Hay muchas formas de interpretar Scheherazade alegóricamente. En un nivel, es un drama contemporáneo: el esposo ausente en el trabajo, el deseo de la esposa, el criado erotizado (una premonición de El amante de lady Chatterley). En otro nivel, se podría interpretar como un festival orgiástico de los oprimidos, las mujeres y los esclavos, seguido de una sangrienta contrarrevolución. En esta lectura, recuerda a 1905 y anticipa en la fantasía a 1917. En el tercer nivel, se podría contemplar en función del propio Ballet Ruso, recordando la función tradicional del Ballet Imperial de San Petersburgo prácticamente como un harén para el zar y su familia, así como la propia relación de Diáguilev con Nijinsky, como mecenas y amante. Como su amigo y asesor musical Nouvel le preguntó: «¿Por qué siempre le haces interpretar a un esclavo? Espero que lo emancipes algún día». Todos estos niveles están presentes en una compleja imbricación de lo sexual y lo político, reflejando la crisis del Estado y la de la familia (la amenaza que suponen el deseo femenino y la homosexualidad).

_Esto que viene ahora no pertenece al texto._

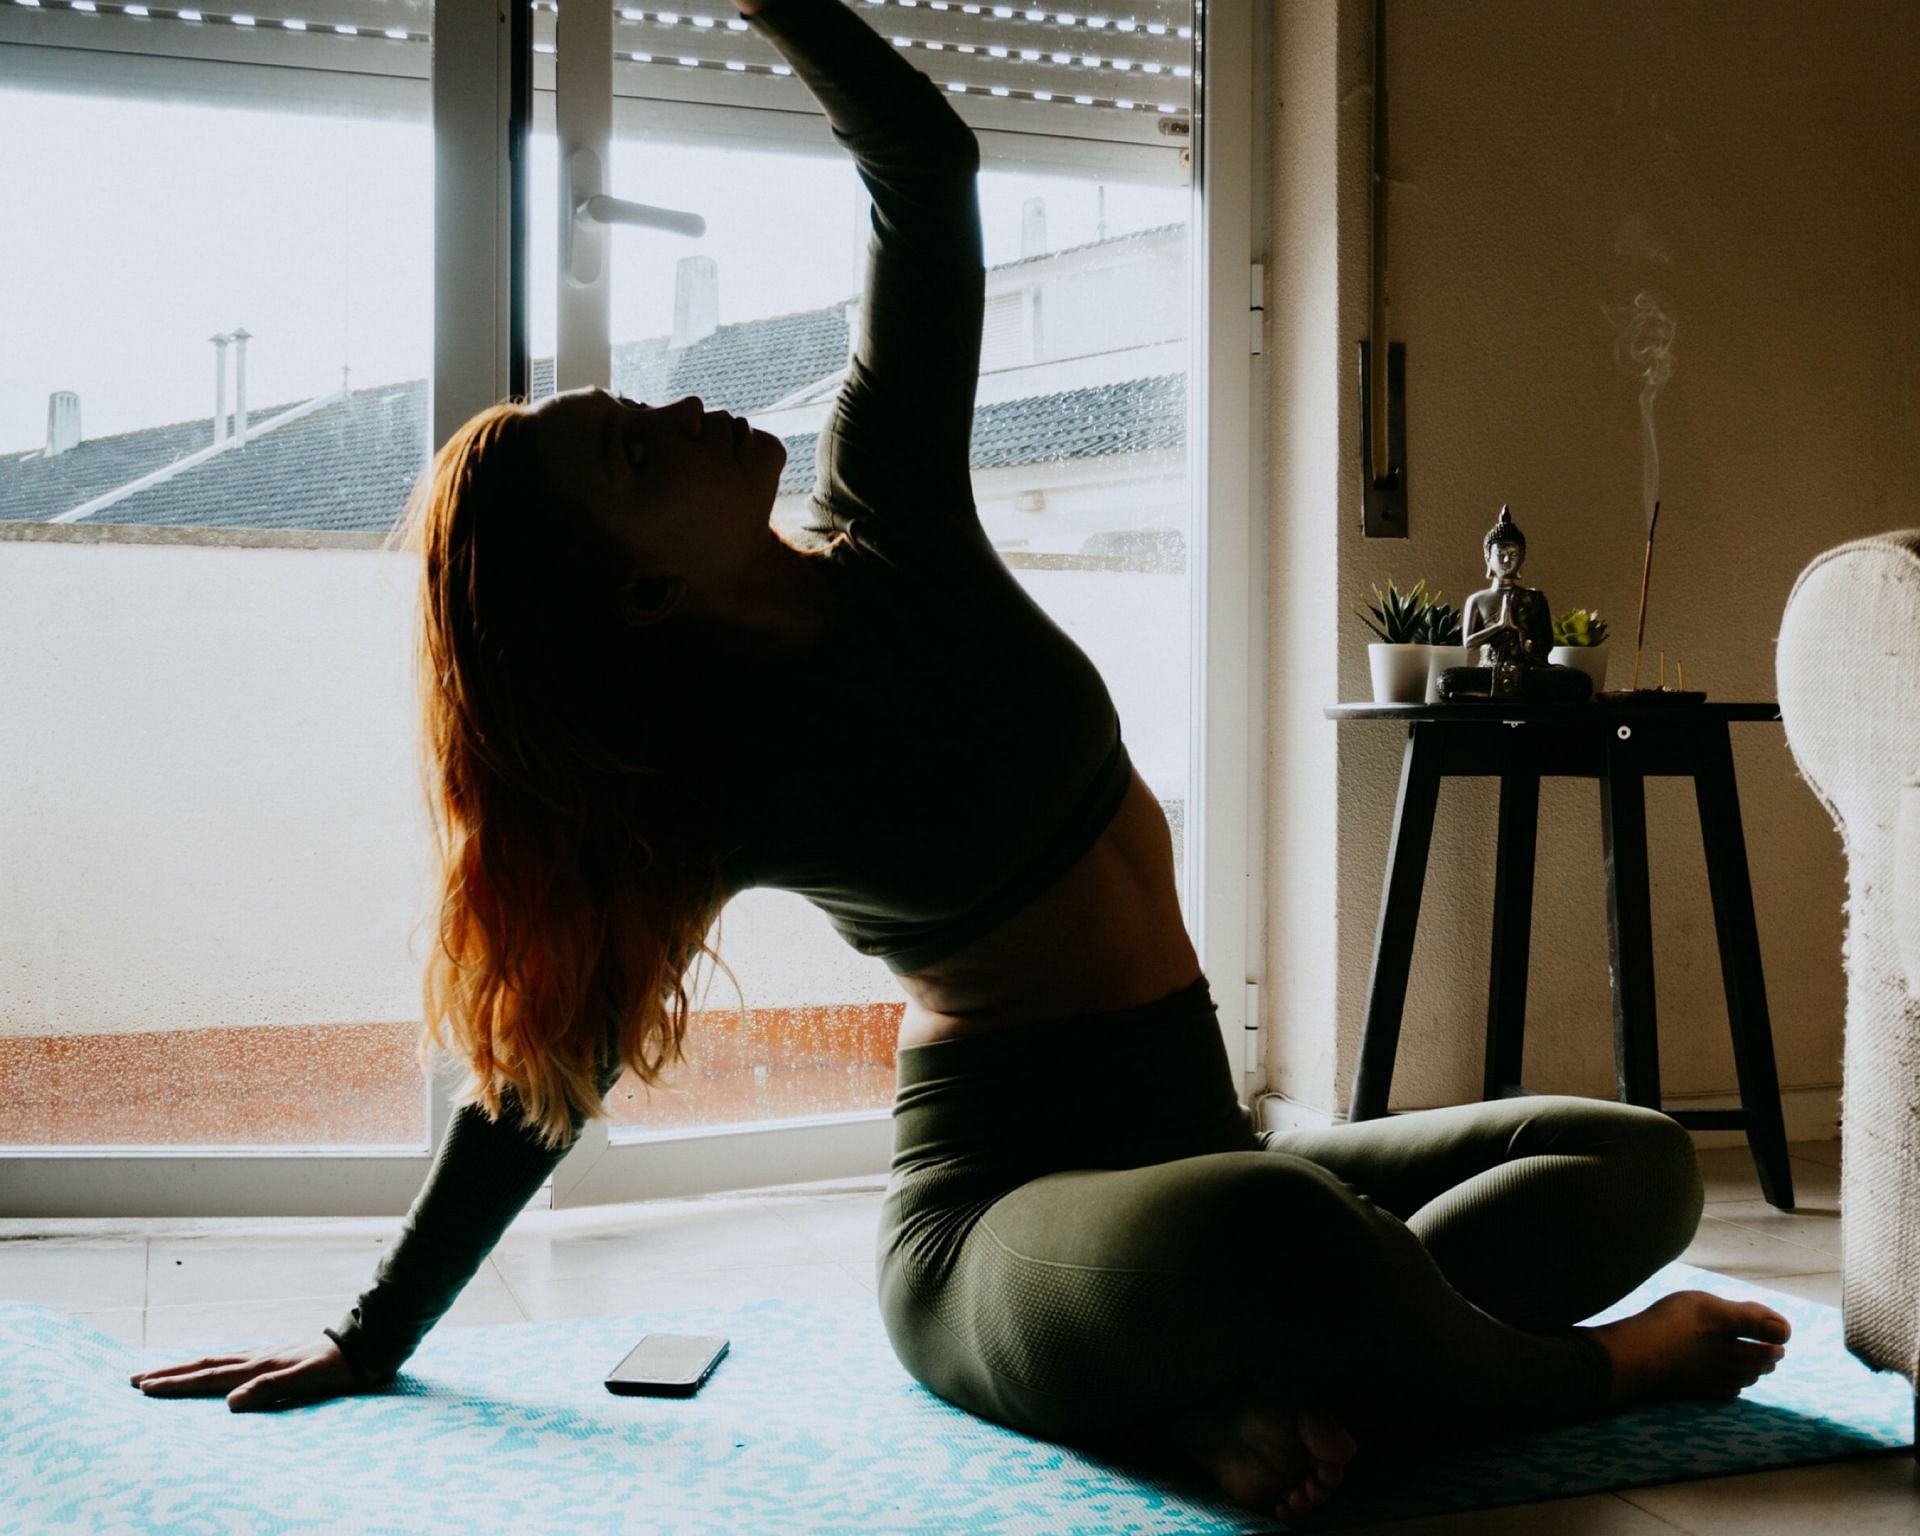 You can perform this exercise anywhere. (Image via Unsplash / Akemy Mory)

Toda la acción de Scheherazade giraba en torno al papel decisivo de Zobeida, la reina. Ida Rubinstein no era una bailarina profesional, sino una rica heredera decidida a usar su inmensa fortuna personal para convertirse en estrella por derecho propio. Dejó la compañía de Diáguilev después del éxito de Scheherazade, para financiar y protagonizar una serie de «dramas mímicos» en los que interpretó a san Sebastián, Salomé y La Pisanelle (asfixiada por las flores). Sus nuevos asociados fueron los sumos sacerdotes del Decadentismo, de Montesquieu y d’Annunzio. También fue amiga íntima de Romaine Brooks y figura dominante en el medio lésbico que abarcaba desde Brooks y Natalie Barney (amante de la esposa del Dr. Mardrus, Lucie Delarue) hasta Gertrude Stein, homólogo femenino del mundo homosexual masculino que Diáguilev dominaba.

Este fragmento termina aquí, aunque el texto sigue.